Il 30 novembre 1929 il Tribunale Speciale fascista per la difesa dello Stato condannò nuovamente Sandro Pertini a dieci anni e nove mesi di reclusione per attività illecita contro la nazione italiana svolta dalla Francia, contraffazione di documenti e ingiuria verso lo Stato. Pertini non si difese dalle accuse, rimase in silenzio non riconoscendo l’autorità di tale tribunale che considerava solamente espressione della dittatura. A sentenza pronunciata gridò in aula «Abbasso il fascismo, viva il socialismo».

Fu detenuto prima nell’isola di Santo Stefano e poi, a causa di problemi di salute, a Turi, dove conobbe Antonio Gramsci, al quale fu sempre legato da un forte rapporto di amicizia. Pertini, infatti, fu sempre ammiratore e sostenitore del leader comunista, per il quale si adoperò attivamente per alleviare la sua prigionia. Purtroppo Gramsci essendo esponente di un partito come quello comunista che era nemico giurato di ogni stato sia fascista che capitalista, e aveva alle spalle i bolscevichi russi, era considerato più di tutti un nemico da parte del governo fascista, che vedeva nei comunisti l’avanguardia dell’Unione Sovietica verso l’Italia.
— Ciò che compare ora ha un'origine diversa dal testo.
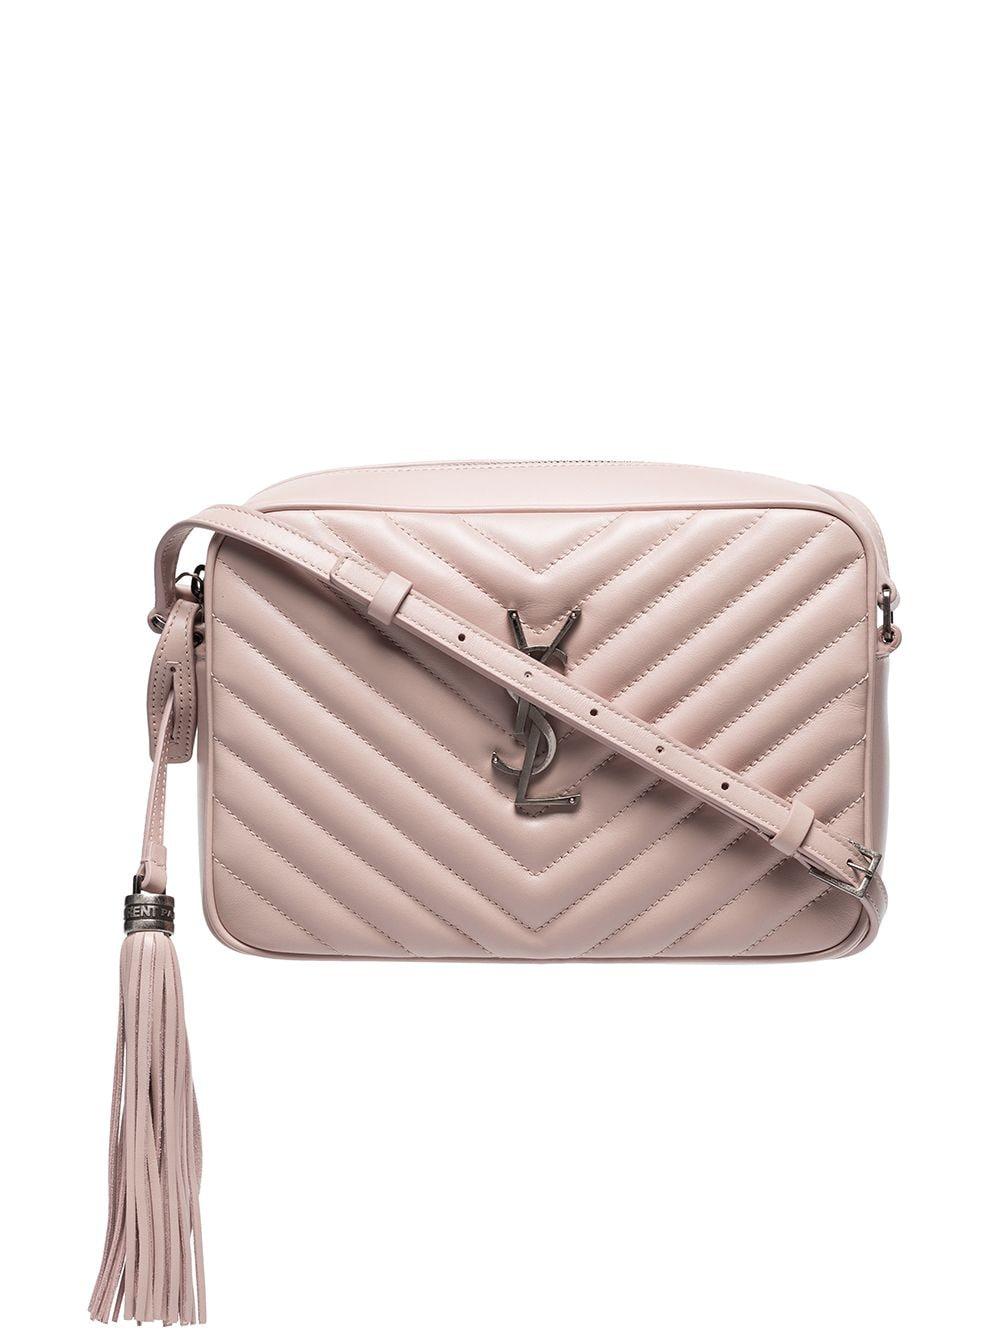 Saint Laurent Mini Lou Bag in Pink | Lyst

Pertini purtroppo in carcere si ammalò, tanto che la madre chiese la grazia al tribunale fascista. Egli non accettò lo sconto di pena, ma anzi riprese la madre per questa azione: «Perché mamma, perché? Qui nella mia cella di nascosto, ho pianto lacrime di amarezza e di vergogna - quale smarrimento ti ha sorpresa, perché tu abbia potuto compiere un simile atto di debolezza? E mi sento umiliato al pensiero che tu, sia pure per un solo istante, abbia potuto supporre che io potessi abiurare la mia fede politica pur di riacquistare la libertà. Tu che mi hai sempre compreso, che tanto andavi orgogliosa di me, hai potuto pensare questo? Ma, dunque, ti sei improvvisamente così allontanata da me, da non intendere più l'amore, che io sento per la mia idea?».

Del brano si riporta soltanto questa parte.